Pursuant to the Company’s 2004 Equity Incentive Plan, an automatic grant of an option to purchase 16,666 shares of common stock of the Company (an “Initial Option”) shall be granted on or about the date such non-employee director first becomes a member of the Board, at an exercise price equal to the fair market value of the common stock on the date of grant. The Initial Option is subject to vesting over a period of three years in equal annual installments commencing on the date of grant, subject to the non-employee director’s continued service to the Company through the vesting dates. An employee director who ceases to be an employee, but who remains a director, will not receive an Initial Option.

 

Annual Option Grant for Continuing Board Members

 

Pursuant to the Company’s 2004 Equity Incentive Plan, an automatic annual grant of an option to purchase 10,000 shares of common stock of the Company shall be made to the Company’s continuing non-employee Chairman of the Board, and an automatic annual grant of an option to purchase 6,666 shares of common stock of the Company shall be made to each other continuing non-employee director of the Company, on the date of each Company annual meeting of stockholders beginning in 2012, at an exercise price equal to the fair market value of the common stock on the date of grant (each, an “Annual Option”). Each Annual Option vests in full on the earlier of (i) the first anniversary of the date of grant and (ii) the Company’s next annual meeting of stockholders at which directors are elected, subject to the non-employee director’s continued service to the Company through the vesting date. A continuing non-employee Chairman of the Board or director will receive an Annual Option only if he or she has served on the Board for at least the preceding six (6) months.

 

Annual Cash Compensation

 

Annual Retainer

 

 
 

Each non-employee director shall be entitled to an annual cash retainer in the amount of $18,000 (the “Annual Retainer”). The Company shall pay such retainer on a quarterly basis, subject to the non-employee director’s continued service to the Company as a non-employee director on each such date.

 

Additional Retainer for Board Committee Chairpersons

 

In addition to the Annual Retainer, a non-employee director who serves as the Chairperson of a Board committee shall be entitled to the following annual cash retainer: (a) $25,000 for the Chairperson of the Audit Committee; (b) $5,000 for the Chairperson of the Compensation Committee; and (c) $5,000 for the Chairperson of the Corporate Governance and Nominating Committee.
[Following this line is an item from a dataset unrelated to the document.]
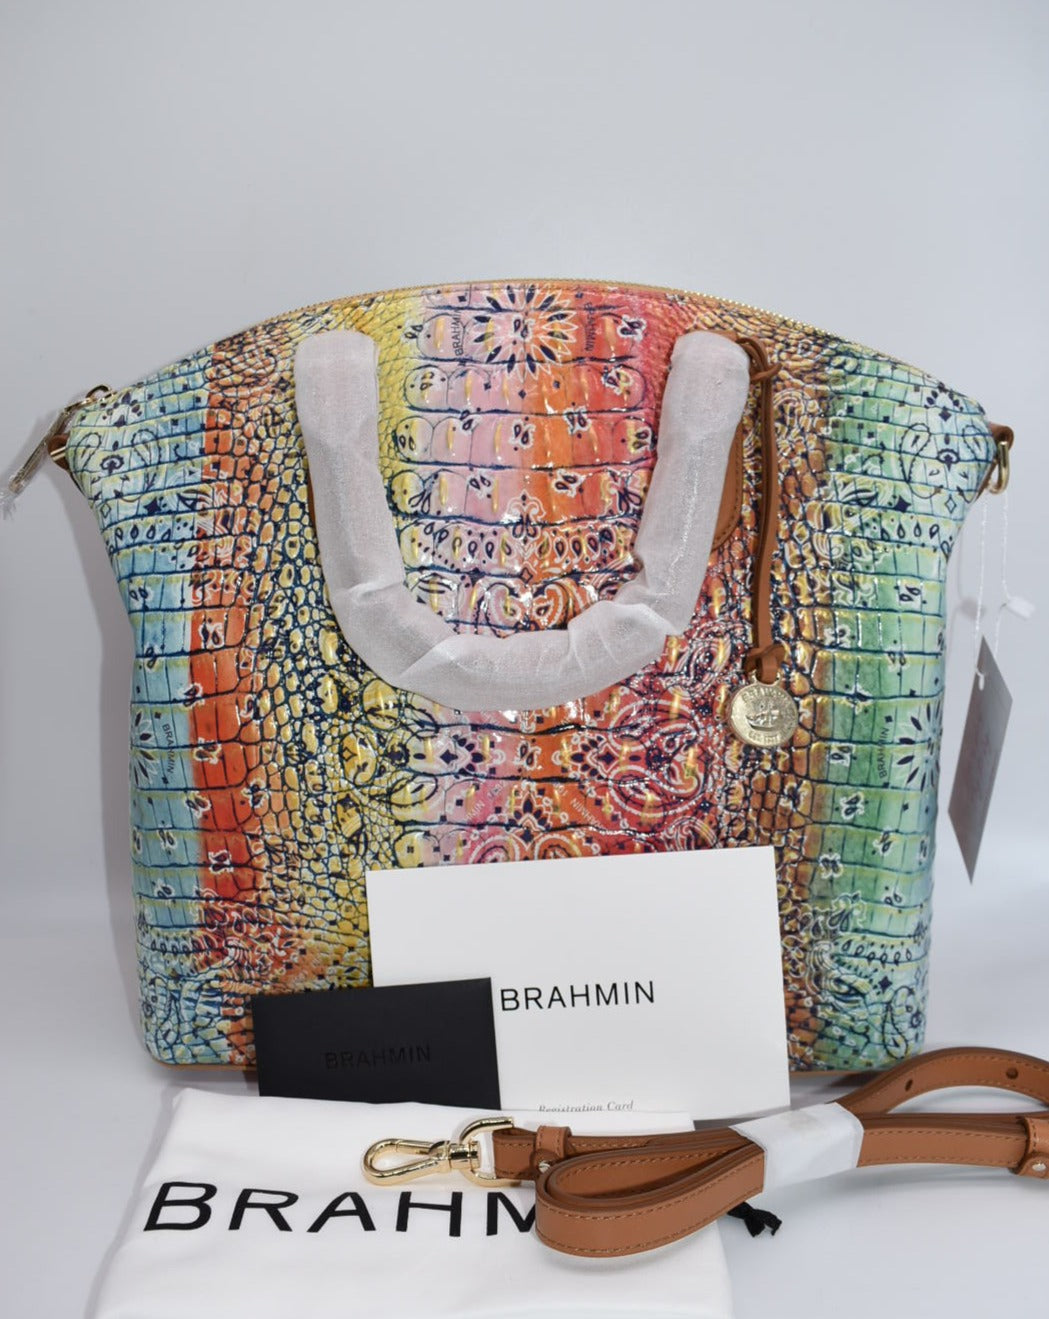 Brahmin Large Duxbury Satchel Bag in Multi Bandana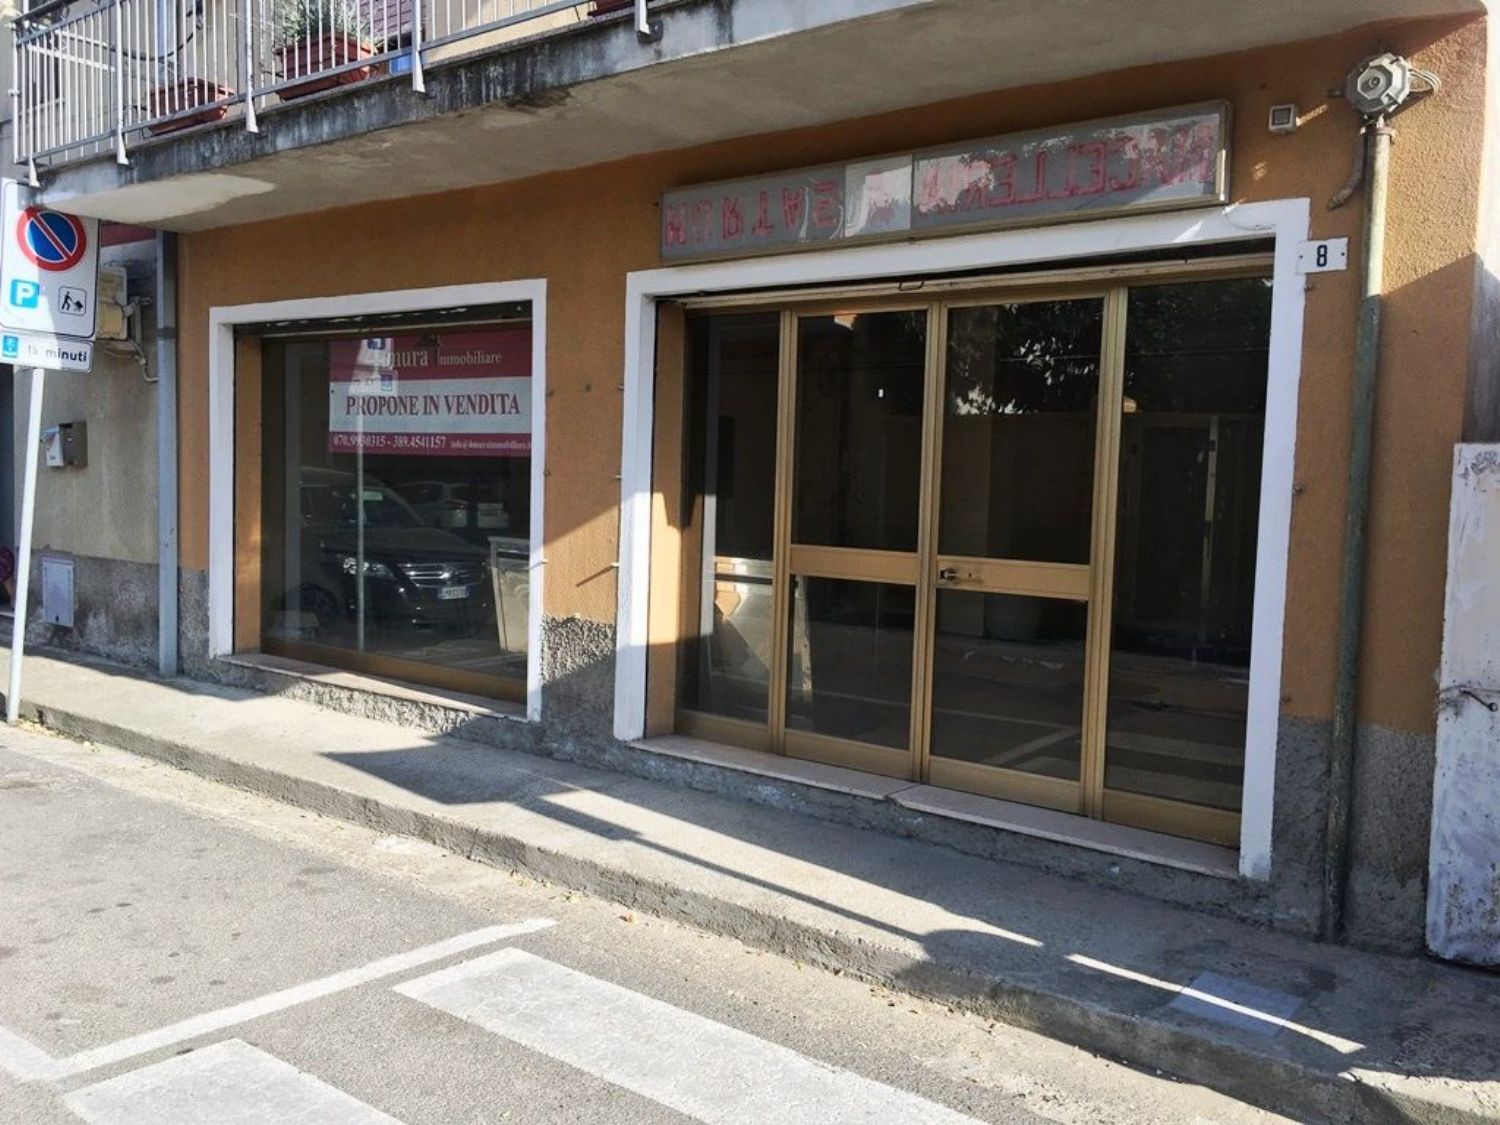 Immobile Commerciale in vendita a Muravera, 9999 locali, prezzo € 60.000 | CambioCasa.it

The Company shall pay the applicable retainer on a quarterly basis, subject to the non-employee director’s continued service to the Company as Chairperson of the applicable Board committee on each such date.

 

Additional Retainer for Board Committee Members

 

In addition to the Annual Retainer, a non-employee director who serves as a member, but not the Chairperson, of a Board committee shall be entitled to the following annual cash retainer: (i) $5,000 for membership on the Audit Committee; (ii) $2,500 for membership on the Compensation Committee; and (iii) $2,500 for membership on the Corporate Governance and Nominating Committee. The Company shall pay the applicable retainer on a quarterly basis, subject to the non-employee director’s continued service to the Company as a member of the applicable Board committee on each such date.

 

Proration of Cash Retainers

 

Notwithstanding anything in this Director Compensation Policy to the contrary, in the event a non-employee director assumes or vacates a position on the Board or one of its committees during a quarter, he or she shall be entitled to a prorated portion of the cash retainer for such position for that quarter based on the percentage of days in that quarter during which he or she served in that position.

 

Provisions Applicable to All Non-Employee Director Equity Compensation Grants

 

Each Initial Option and Annual Option shall be subject to the terms and conditions of the Company’s 2004 Equity Incentive Plan and the terms of the Stock Option Agreement issued thereunder. The descriptions of these grants set forth above are qualified in their entirety by reference to the 2004 Equity Incentive Plan and the applicable Stock Option Agreement issued thereunder.